Virginia courts have long held that statements made in connection with judicial proceedings are entitled to absolute protection from defamation liability. To encourage truthfulness in litigation, Virginia public policy has extended an absolute privilege to statements made in a party’s pleadings, statements made during depositions, and to the testimony of witnesses at trial, provided the statements are generally relevant to the proceeding. But what protection, if any, should be afforded to pre-litigation statements, such as those contained in a demand letter to a prospective defendant?
Fairfax Circuit Court Judge R. Terrence Ney recently had the opportunity to consider whether a defamation claim could be based on allegedly defamatory statements made in a draft complaint forwarded to a small group of prospective defendants for purposes of exploring settlement opportunities prior to filing suit. The issue has not yet been decided by the Virginia Supreme Court, and is particularly interesting because the ethical rules that prohibit lawyers from making frivolous claims arguably do not apply to statements made outside a judicial proceeding. As a result, when drafting pre-litigation demand letters, many lawyers are far less assiduous in their fact-checking than they would be when filing an actual pleading with the court.

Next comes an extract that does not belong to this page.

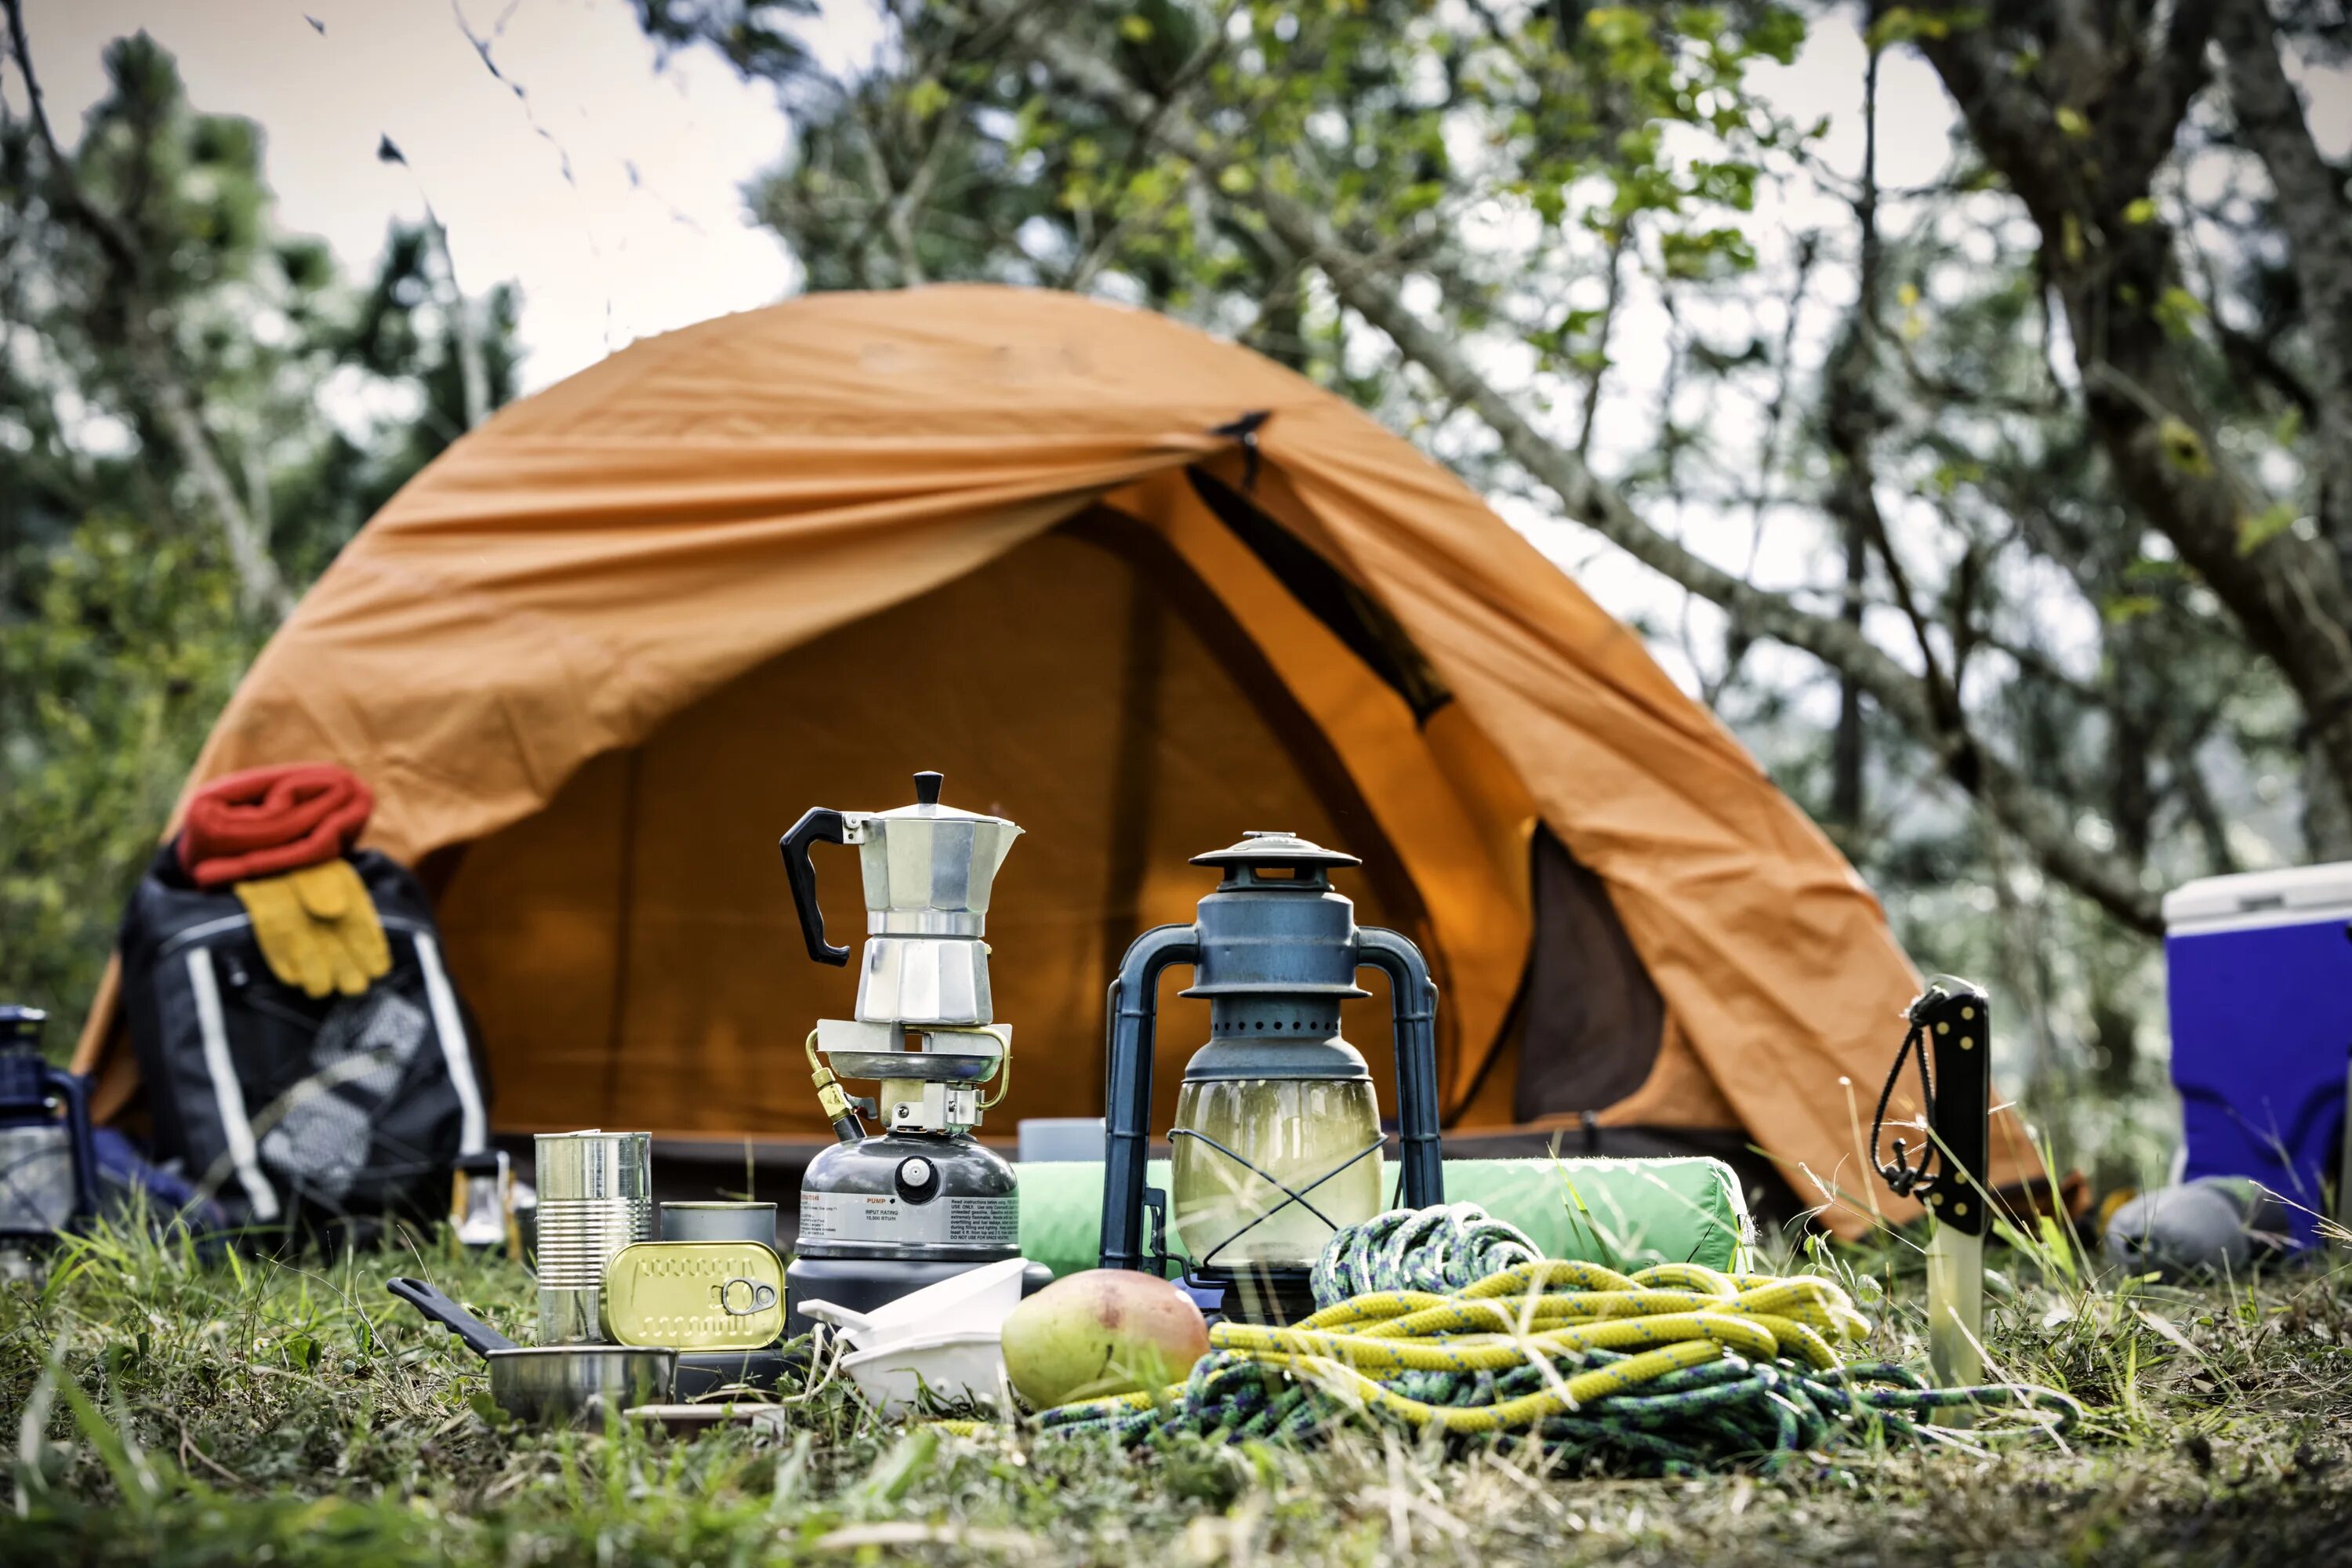 Find a camp. Туристическая палатка на природе. Походный туризм. Поход с палатками. Туризм с палатками.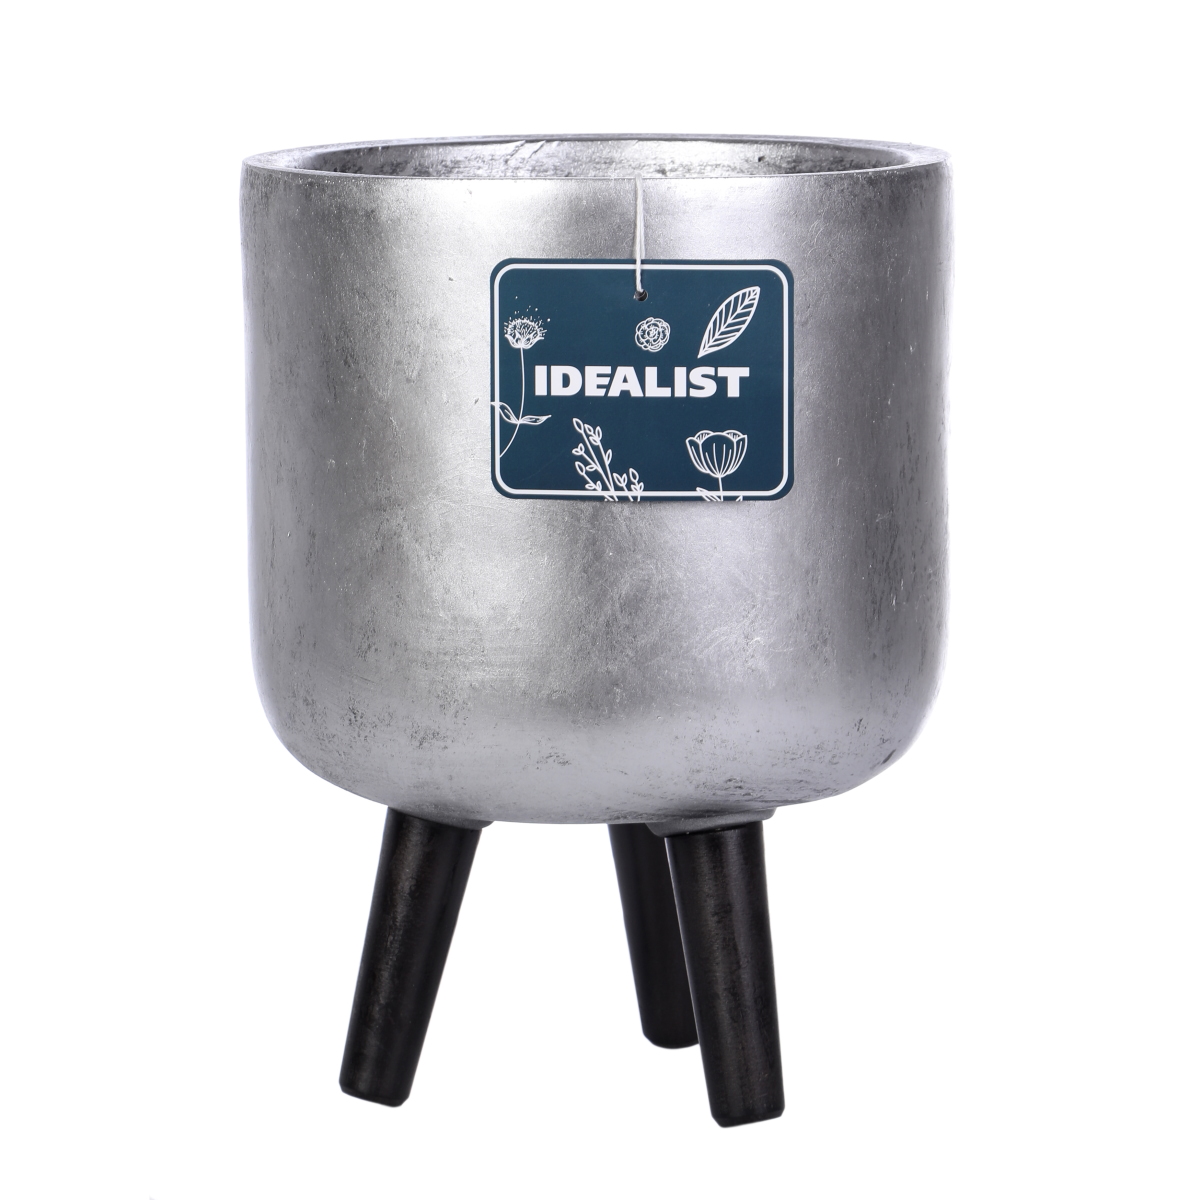 IDEALIST Lite Concrete Effect Round Planter on Legs, Round Pot Plant Stand Indoor

In a sense, the situation is similar to the question of whether to grant a privilege to a law firm’s statements in a press release announcing a lawsuit. If a complaint contains defamatory statements, they would not be actionable, even if made with knowledge of their falsity, due to the absolute privilege for statements made in judicial proceedings. A press release discussing the lawsuit, however, is made outside the judicial proceeding, so it does not enjoy the same level of protection. Like a press release, a demand letter containing a draft complaint is very closely related to a judicial proceeding, or at least a contemplated one, but is not part of the proceeding itself.